Monday, December 8, 2008

Why is it so hard to write?

There are a few lucky souls for whom the whole process of writing is easy, for who the smell of fresh paper is better than air, whose minds chuckle over their own agility, who forget to eat, and who consider the word at large an intrusion of their time at the keyboard. But most writers are not among them. We are in love with words except when we have to face them. We are caught in a guilty paradox in which we grumble over our lack of time, and when we have the time, we sharpen pencils, check e-mails, or clip the hedges.

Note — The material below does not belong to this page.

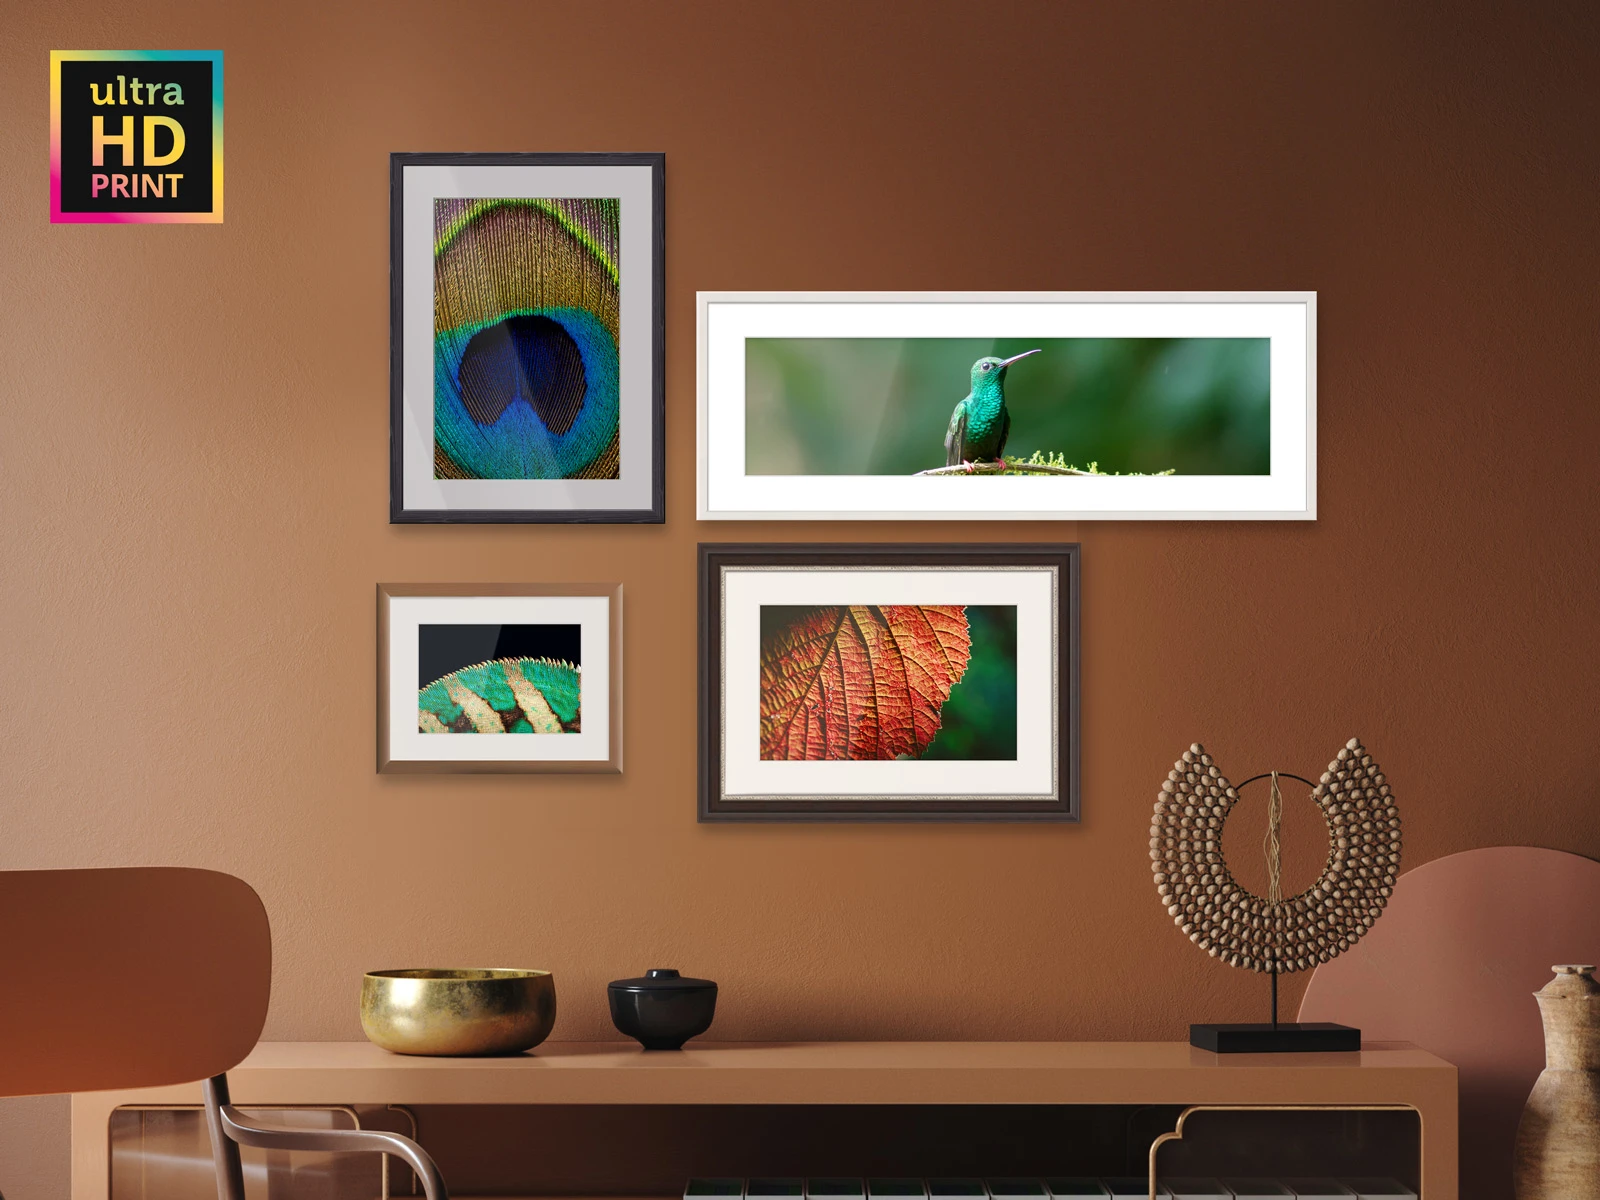 several ultraHD photo prints on Fuji Crystal Archive Maxima paper in frames hanging on a wall.

Of course, there’s also joy. We write for the satisfaction of having wrestled a sentence to the page, for the rush of discovering an image, for the excitement of seeing a character come alive. Even the most successful writers will sincerely say that these pleasures- not money, fame, or glamor- are the real rewards of writing. Fiction writer Alice Munro concedes:

It may not look like pleasure, because the difficulties can make me morose and distracted, that’s what it is – the pleasure of telling the story I mean to tell as wholly as I can tell it, of finding out in fact what the story is, by working around the different ways of telling it.

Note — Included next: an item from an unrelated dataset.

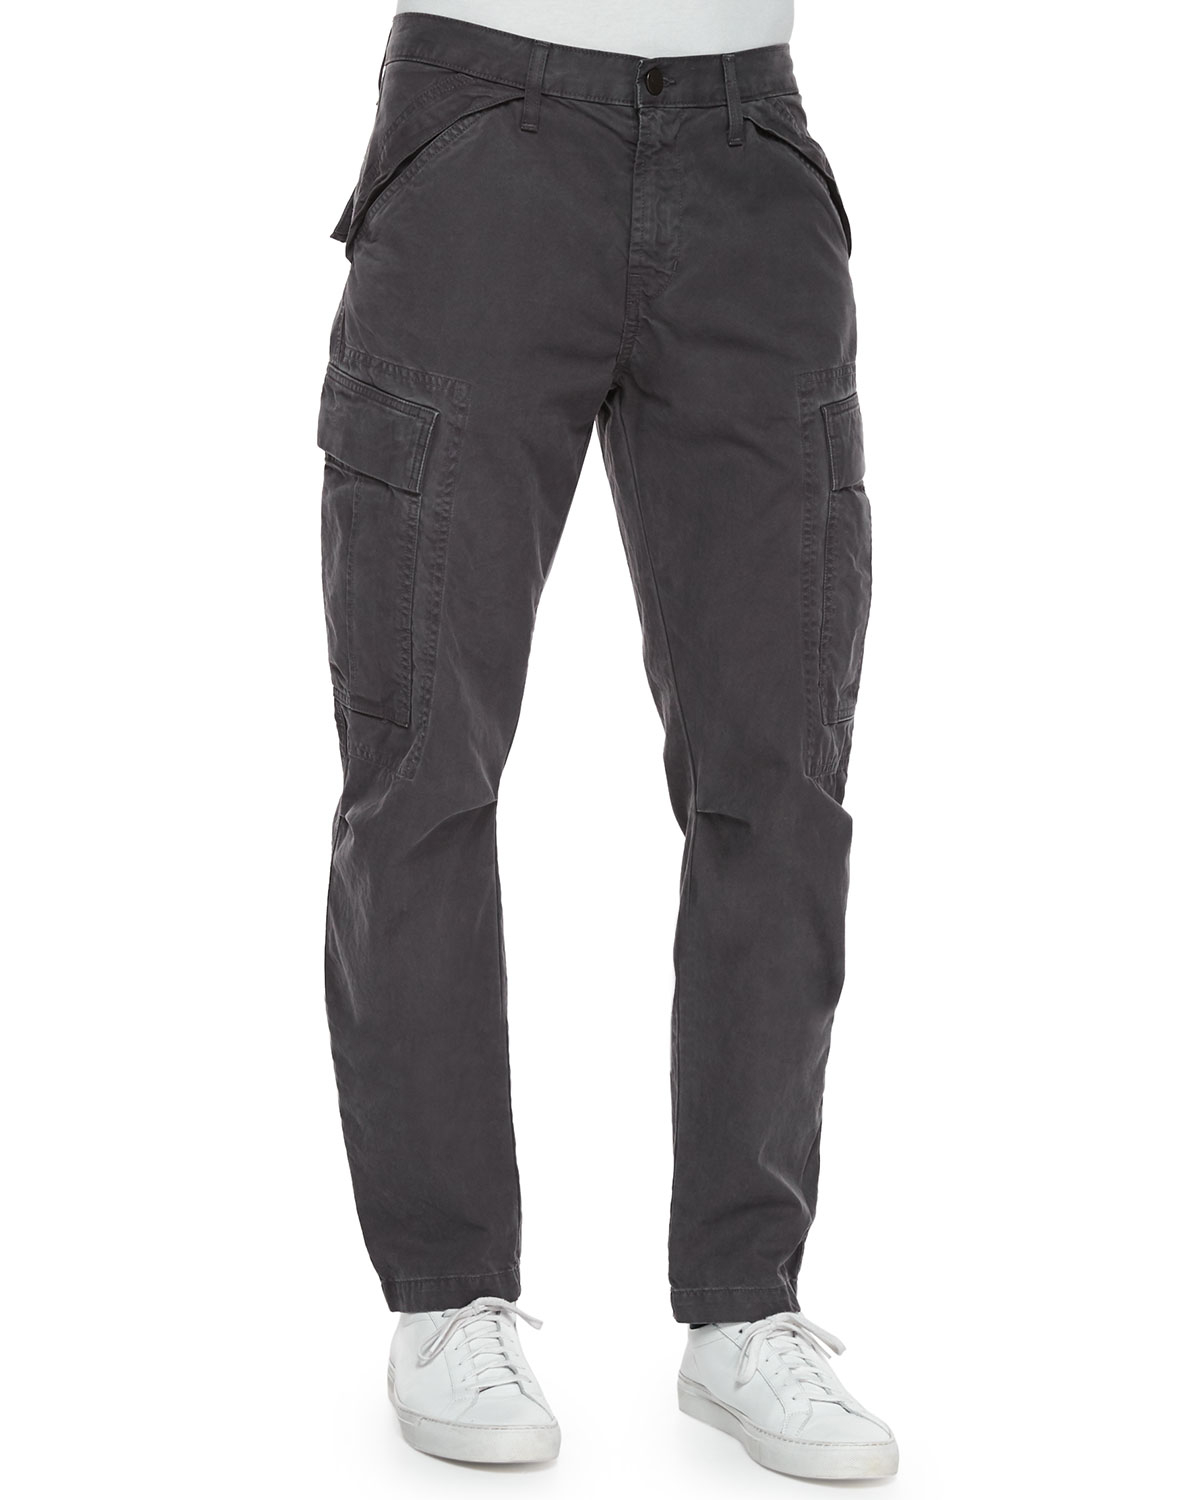 Lyst - J Brand Collins Cargo-pocket Utility Jogger Pants in Gray for Men

Nevertheless, writers may forget what such pleasure feels like when confronting a blank page. The heroine of Anita Brookner’s novel Look at Me bemoans:

Sometimes it feels like a physical effort simply to sit down at the desk and pull out the notebook…sometimes the effort of putting pen to paper is so great that I literally feel a pain in my head.

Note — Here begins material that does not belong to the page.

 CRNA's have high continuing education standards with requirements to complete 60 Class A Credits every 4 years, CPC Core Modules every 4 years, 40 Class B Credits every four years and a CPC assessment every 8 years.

It helps to know that most writers share the paradox of least wanting to do what we most want to do. It also helps to know some of the reasons for their reluctance. Fear of what could emerge on the page, and what it may reveal about our inner lives, can keep us from getting started.

There’s another impediment to beginning, expressed by a writer character in Lawrence Durrell’s Alexandria Quartet. Durrell’s Pursewarden broods over the illusory significance of what he is about to write, unwilling to begin in case he spoils it. Many of us do this: The idea, whatever it is, seems so luminous, whole, and fragile, that to begin to write about that idea is to commit it to rubble. Knowing in advance that words will never exactly capture what we mean or intend, we must gingerly and gradually work ourselves into a state of accepting what words can do instead. No matter how many times we find out that what words can do is quite all right, we still shy again from the next beginning. Against this wasteful impulse I have a motto over my desk that reads: “Don’t Dread; Do.”

The mundane daily habits of writers are apparently fascinating. No author offers to answer questions at the end of a public reading without being asked: Do you write in the morning or at night? Do you write every day? Sometimes such question shows a reverent interest in the workings of genius. More often, I think, they are a plea for practical help: Is there something I can do to make this job this job less horrific? Is there a trick that will unlock my words?